Florida’s administration including the Attorney General, the Governor, the House, and the Senate showed up in force to fight these two cases. The Supreme Court’s decisions will define the constitutional role of marijuana in the state and the ability of the state to regulate the industry. These cases point out the complexity of citizen-initiated ballot measures to amend state constitutions, especially with topics like marijuana that pose safety and health risks to citizens.

The united front displayed by Florida’s administration suggests that the state is trying to get control of the marijuana issue. Marijuana has been a loose cannon in Florida with allegations of favoritism in the distribution of licenses and the subsequent sale of these licenses at astronomical prices. The Supreme Court’s decision on these two cases will help the industry understand the path forward for future growth including the legalization of adult-use marijuana.

Make it Legal Florida Adult Use Ballot Initiative

The State’s Attorney General and the State Senate asked that the Supreme Court to stop the Adult-Use of Marijuana ballot petition that was filed by Make It Legal Florida using two separate arguments.

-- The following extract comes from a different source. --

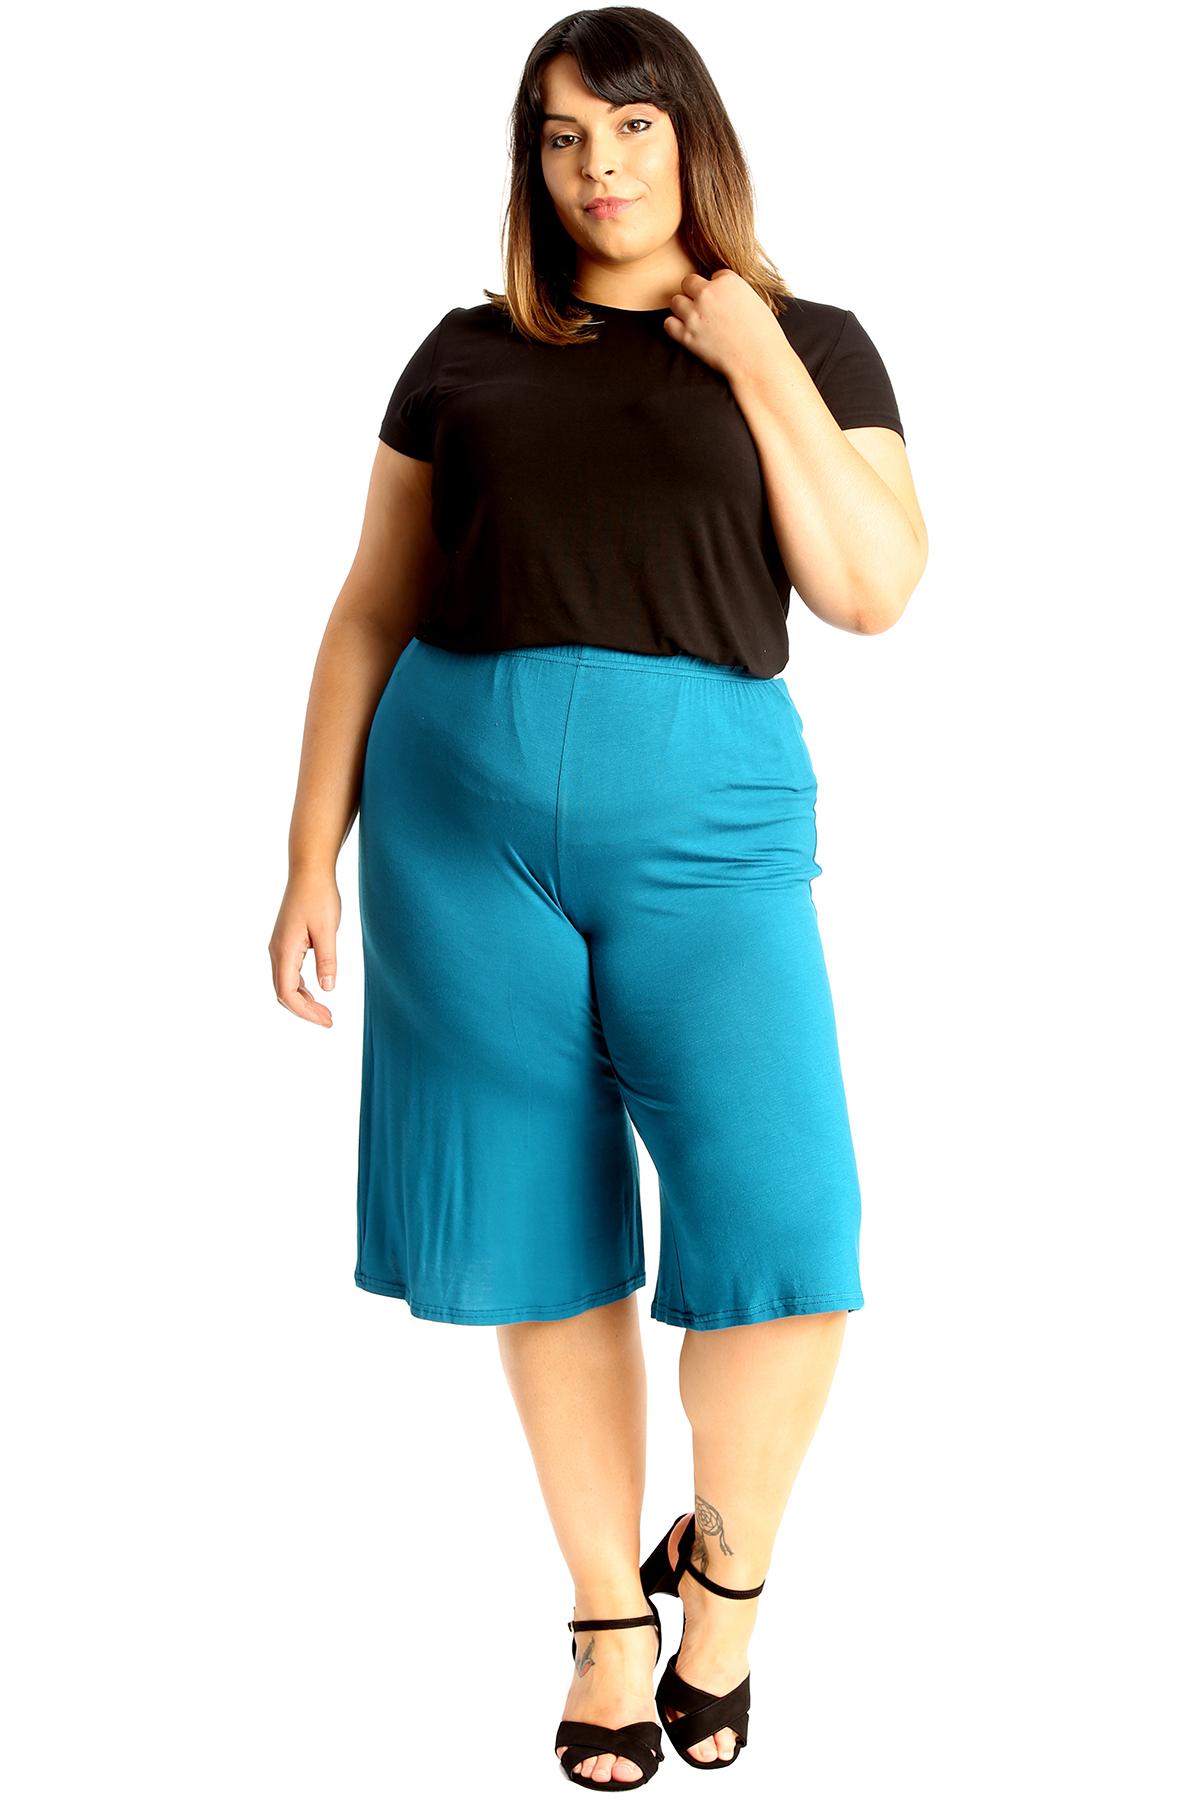 New-Womens-Plus-Size-Culottes-Ladies-Plain-Shorts-Palazzo-Elastic-Pants-Summer thumbnail 38

First, the Attorney General petitioned the court to provide an advisory opinion that it Make it Legal Florida’s initiative failed the technical requirements for it to move forward. The main argument is that the 75-word summary of the ballot initiative will mislead voters into believing that the use or purchase of marijuana would be legal, when in fact, it is still illegal under federal law.

The State Senate piled on by filing a Motion to Dismiss claiming that the ballot initiative failed the signature threshold requirements. In the Motion, it was noted that Make It Legal announced on January 13, 2020 that the initiative would be placed on a ballot in 2022, which creates uncertainty as to whether the petition meets the signature certification requirements. This technical argument is loaded with issues that will impact future ballot initiatives.

Florida Department of Health, Etc., et. al. v. Florigrown, LLC, et. al.

In the Florigrown case, the Governor, the State House, and Florigrown asked the Supreme Court to address whether the state’s regulations are constitutional. The answer will depend on how the court interprets the use of the word “or” versus the word “and “ in certain medical marijuana regulations. The attorney representing the Governor’s office, Joe Jacquot, indicated during the oral arguments that the state would like the court’s decision in order to prevent future litigation around this issue. The state’s confidence on this issue makes it appear that they expect a favorable answer.

Marijuana litigation related to legalization and license allocations has become the norm. The question is whether state and local governments will soon succumb to litigation fatigue and focus on more pressing matters than legalizing the industry. At some point, litigation costs become more costly than the economic benefit that the industry provides. The industry should start self-policing when and where it is appropriate to challenge these regulatory decisions.